An Ode to Strawberries, our First Eat Drink Local Week Ingredient of the Day

When we think about the strawberry, our very first 2011 Eat Drink Local Ingredient of the Week, our thoughts turn not to the Hudson Valley – though fine specimens are grown to our north – but to the East. The rich soils of Long Island’s gently sloping fields—protected from spring chills by the waters of the Long Island sound and the Atlantic Ocean —are perfect for early crops like berries. As a result, June strawberry picking is a rite of spring up and down the tip of the landmass, where the crop has long been cultivated in quantity. (“The feature of the fruit display were the strawberries,” enthused the New York Times way back in 1895, in an article about the Mineola county farm fair.)
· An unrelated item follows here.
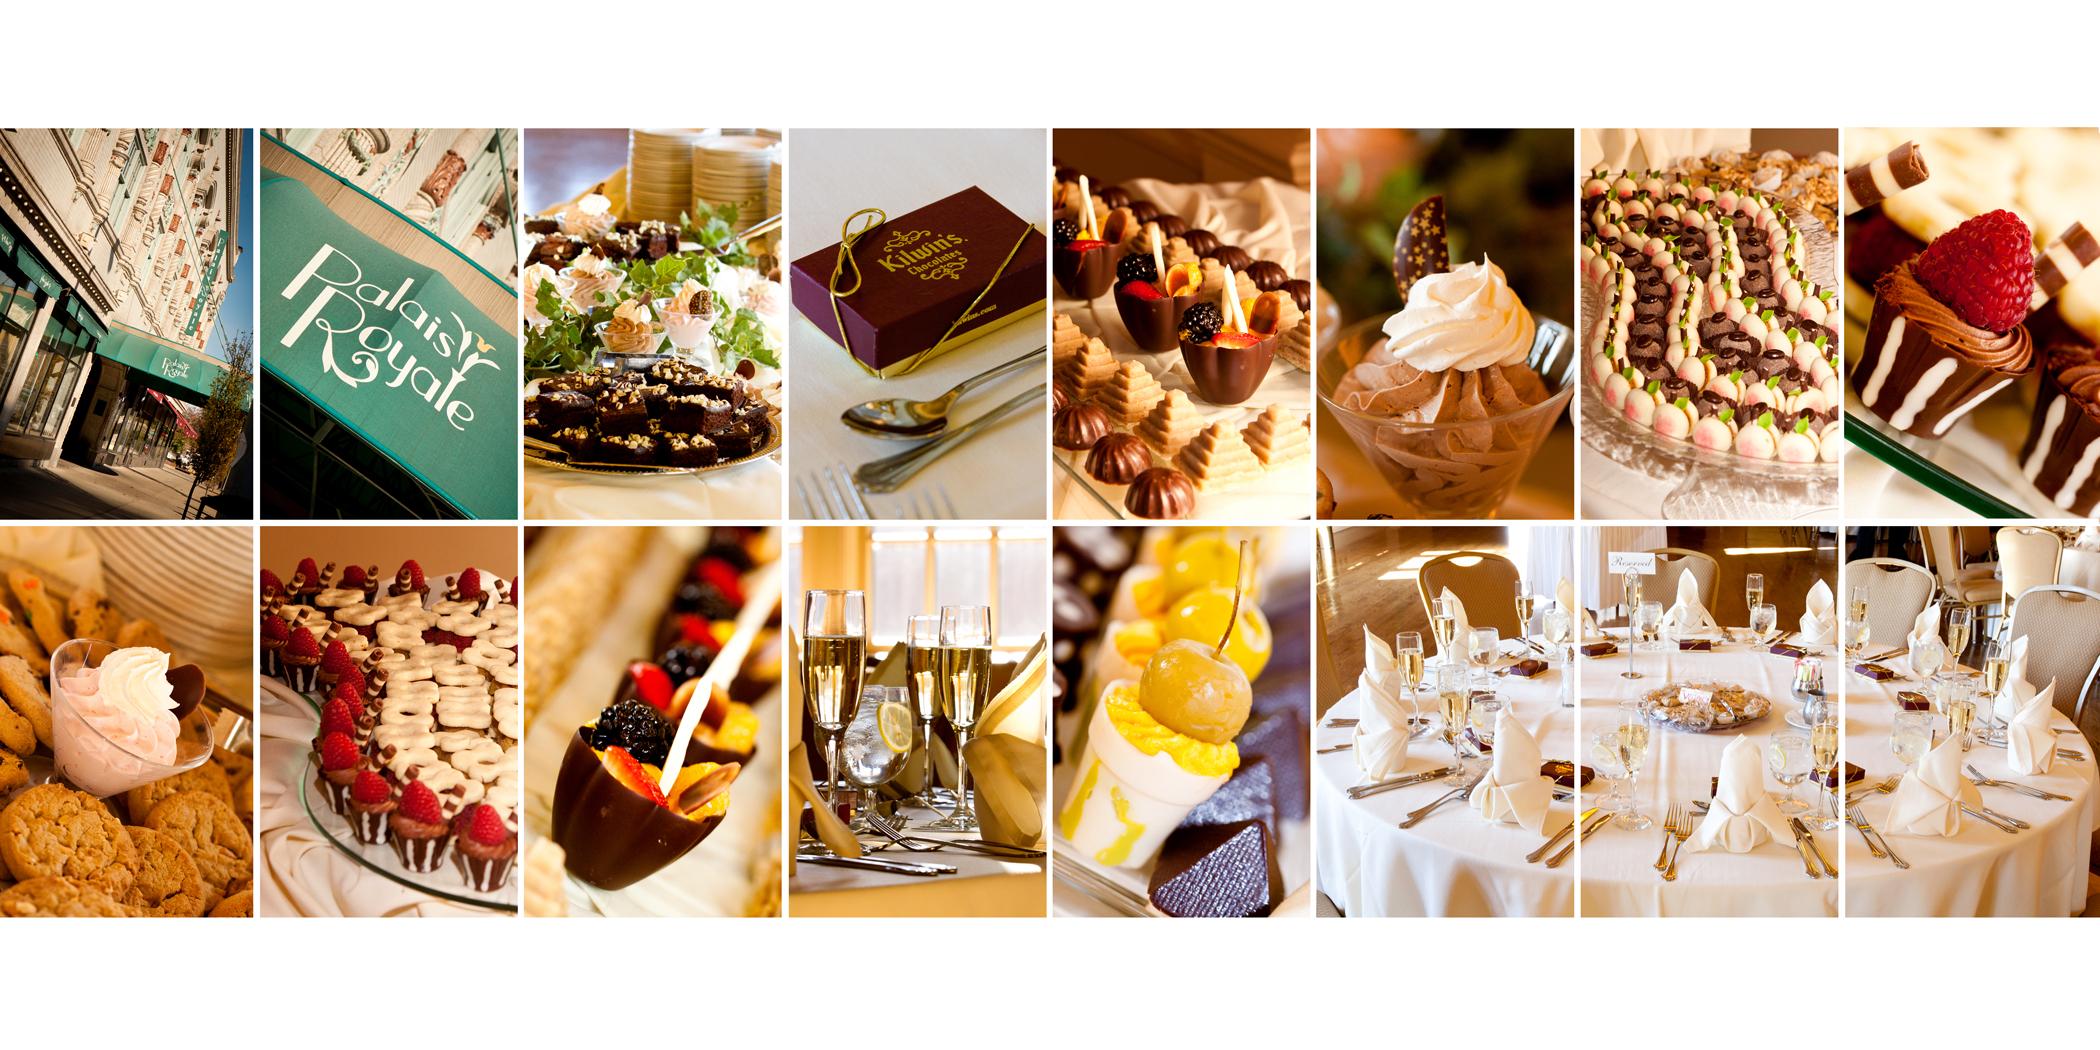 Wedding-Photography-Palaise-Royale-South-Bend-Indiana_23.jpg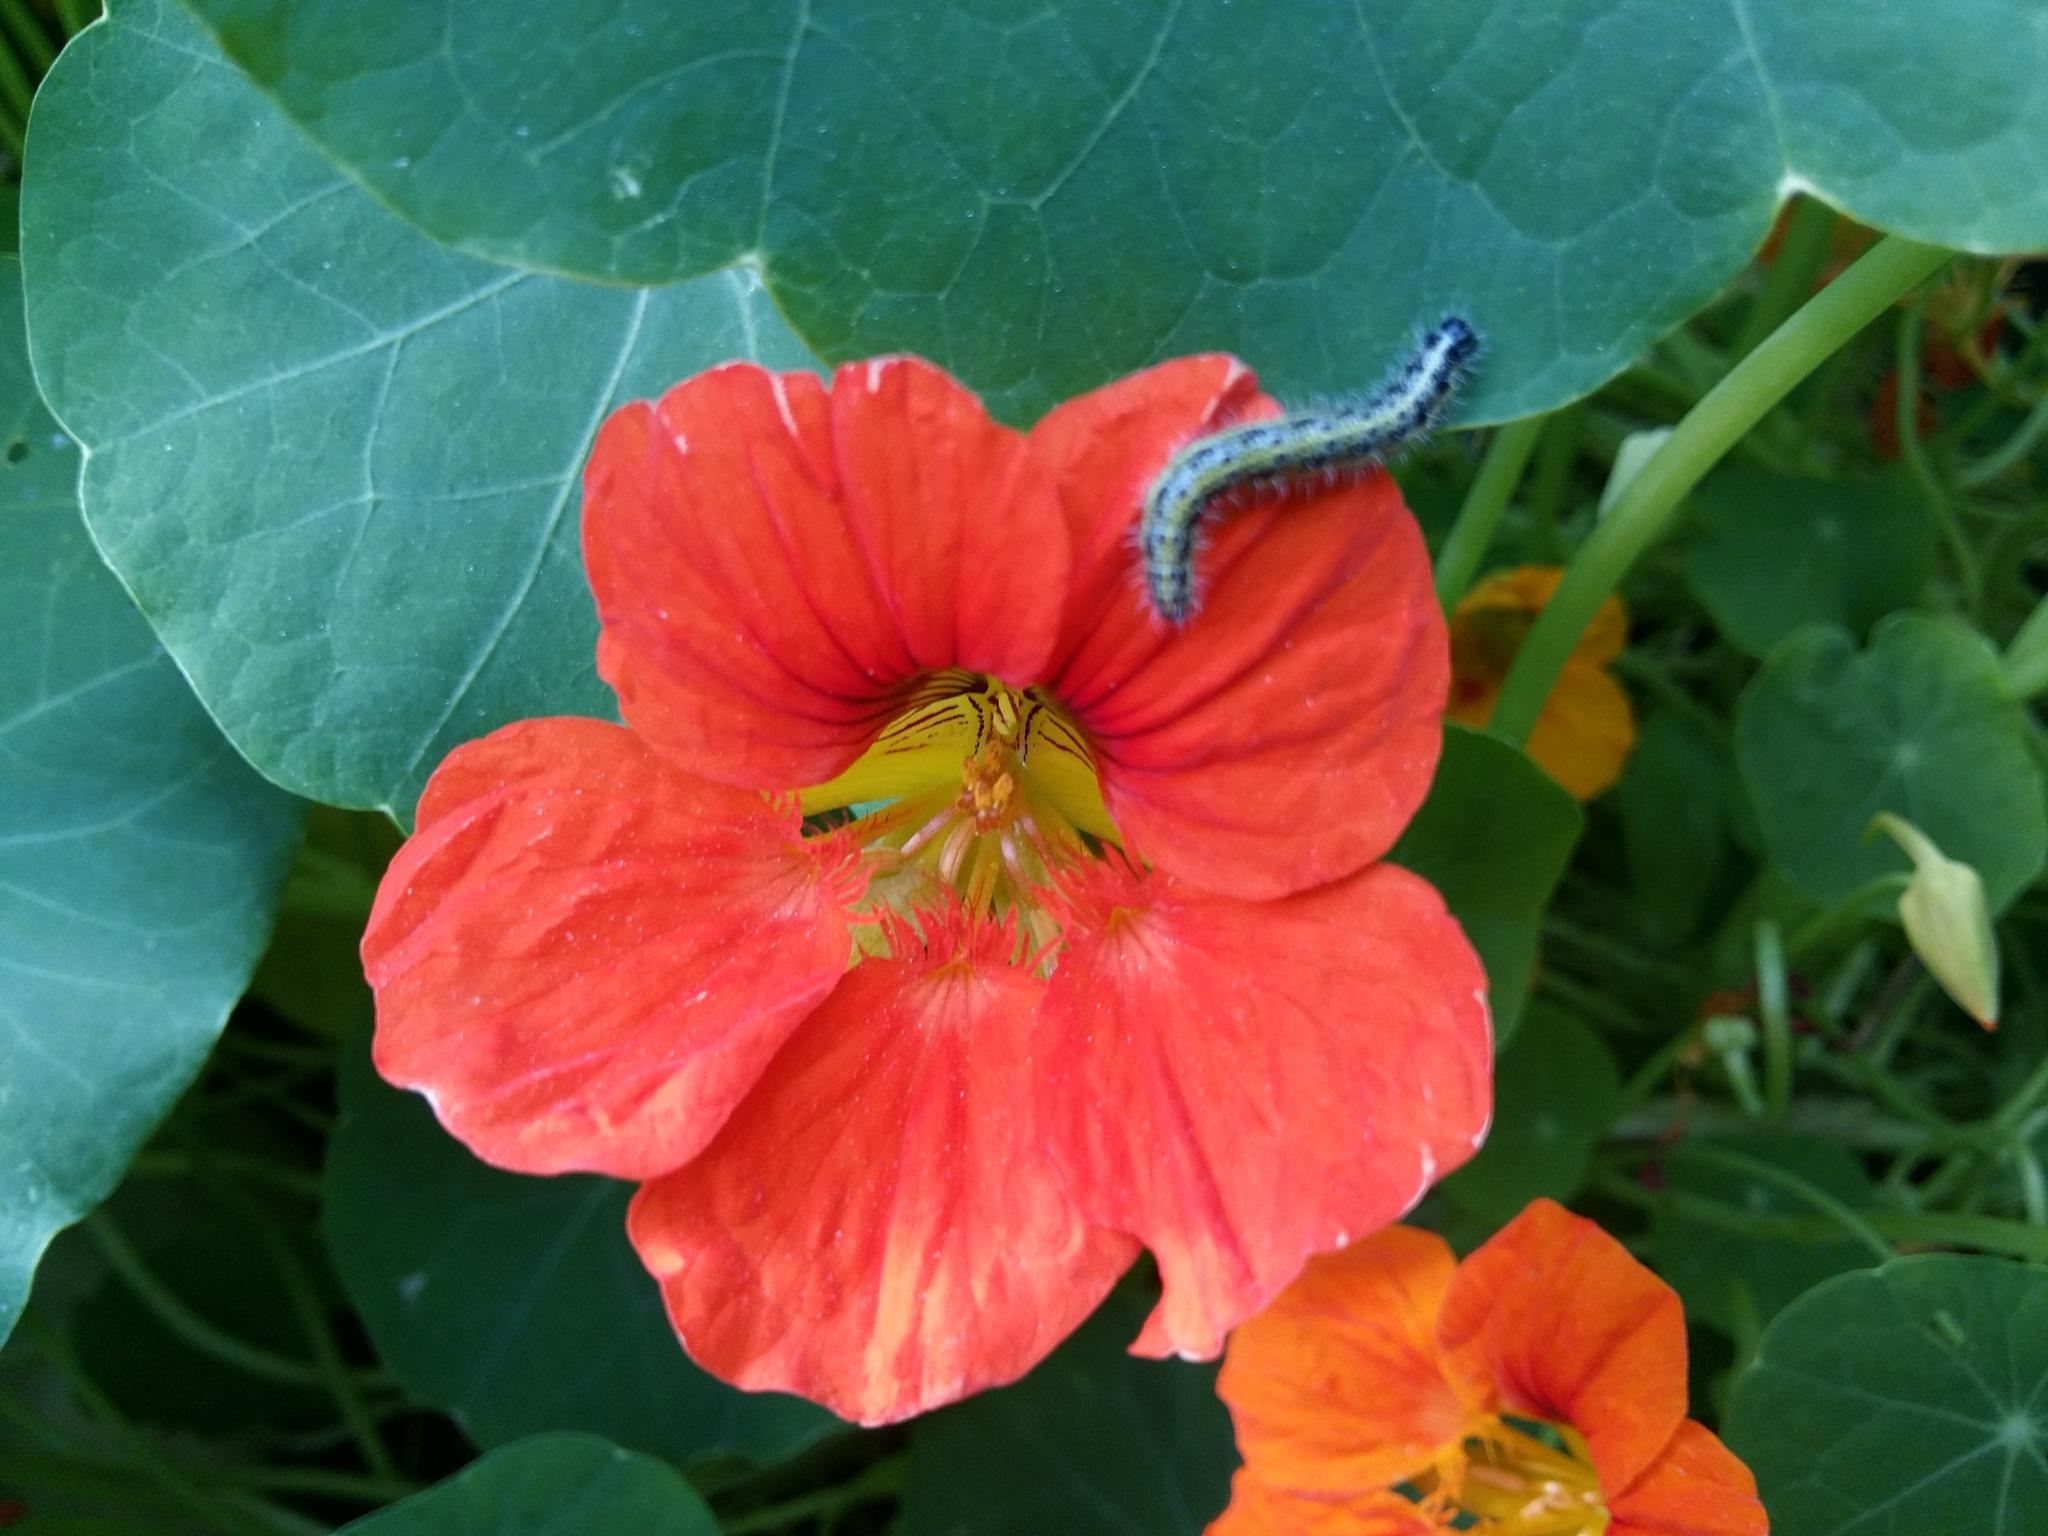 Flower and caterpillar by uzkuraitiene62

As backyard and community gardeners know all too well, the strawberry is a perennial and something of a colonizer, sending out leggy runners with new plants willy nilly if you let them, which you should. Of course, even if you grow your own (which might yield, on your first year, just two berries, such as the one shown below) a trip to Long Island to pick a few pints is worth the effort. You can get a complete list of spots right here, or you could just drive up and around Highway 25 this very weekend, say, and there’s no doubt you’d see plenty of handpainted “U-Pick” signs featuring what has to be one of America’s favorite fruits. Which are technically not berries (more like edible thickened stems) and more complexly tart than we usually give them credit for. We don’t mind a bit of lemony pucker in our frageria, and in fact prefer the “tart strawberry” ice cream made with New York State organic milk at Brooklyn’s Blue Marble over any other we’ve tried. (Luckily they’ve got carts all over the city these days, we’ve heard.)

The second berry grown by yours truly, from plants purchased from Evolutionary Organics’ stand. Hopefully next year more where this sweet-tart little guy came from. (This photo, by the way, is from the author’s iPhone.)

In New York, spring strawberry varieties include Earliglow and Itasca (those arrive early) and followed by Mesabi, Scott and Allstar.  There’s also plenty of others — Bounty, Darselect, Evangeline, Evita, Covernor Simcoe, Micmac, Seascape, Veestar and Vesper to name but a few. Though most of us just ask for strawberries, the exception being the pointy-leaved Tristar, which is mainly grown upstate and was engineered to produce fruits throughout the summer and fall.

(Most berries, like the varieties above, have internal clocks that tell them to stop producing fruits when they feel summer’s long days of sunny rays. Tristars don’t pay attention. You can usually find famously sweet Tristar’s well into the year at Berried Treasures farmstand, which Delaware County farmer Franca Tantillo runs at Union Square Greenmarket on Wednesdays and Fridays and at the 77th Street and Columbus Avenue Greenmarket on Sundays. For Long Island berries at market, try searching for the words Suffolk County on the Greenmarket’s farmer page.)

While one day we might be well-versed enough in strawberry variety to request for them by name, these days we take whatever local pints we can find (be they Jersey, Pennsylvania, or New York State grown) and slice them fresh into cereal with whole yogurt, or let them macerate with sugar for a bit to sit betwween Upper West Side baker Dorie Greenspan’s biscuits topped with a bit of whipped Ronnybrook cream and a little finely chopped Thai basil from the windowbox. Maybe on really hot days we’ll top that mixture with ice and water, and serve it a few hours later as an early summer agua fresca. (Thai basil not a bad idea there, either.) Or maybe we’ll cook them down with sugar and spritz lemon juice to top vanilla ice cream or swirl into seltzer, or maybe into a rocks glass filled with muddled mint, ice and gin. Occasionally there’ s a strawberry tart, when we feel like turning on the oven.  (Rest assured it’s always rustic like this one; you sure don’t need to waste any time overlapping fresh berries in neat, pastry-case ready rows.)

But mainly we just eat them out of hand as we’re walking home from the Greenmarket. And just a few days ago our colleagues over at Edible East End, themselves pretty well-versed in strawberry picking, obviously, collected a pretty cool savory strawberry recipe from former Top Chef star Sam Talbot, who spends part of his time on Long island cheffing at the Surf Club in Montauk.

“The first sun-ripened strawberries of the season are like a hug from an old, dear friend,” wrote Edible East End editor Brian Halweil at the start of his story, which includes a video of Talbot talking us through the recipe, where he halves and cores big berries and fills them with bacon, rosemary, salt and olive oil.

“It’s literally one of the best things ever,” he told Halweil. “It’s a great hors d’oeuvre. It goes awesome with champagne, miraculously enough. There’s the champagne and the strawberry and the fatty bacon sort of cuts the champagne. It’s cool. It’s totally something I would do with fresh strawberries.”

We probably would too, though to be honest we rarely have any left over by the time we get home.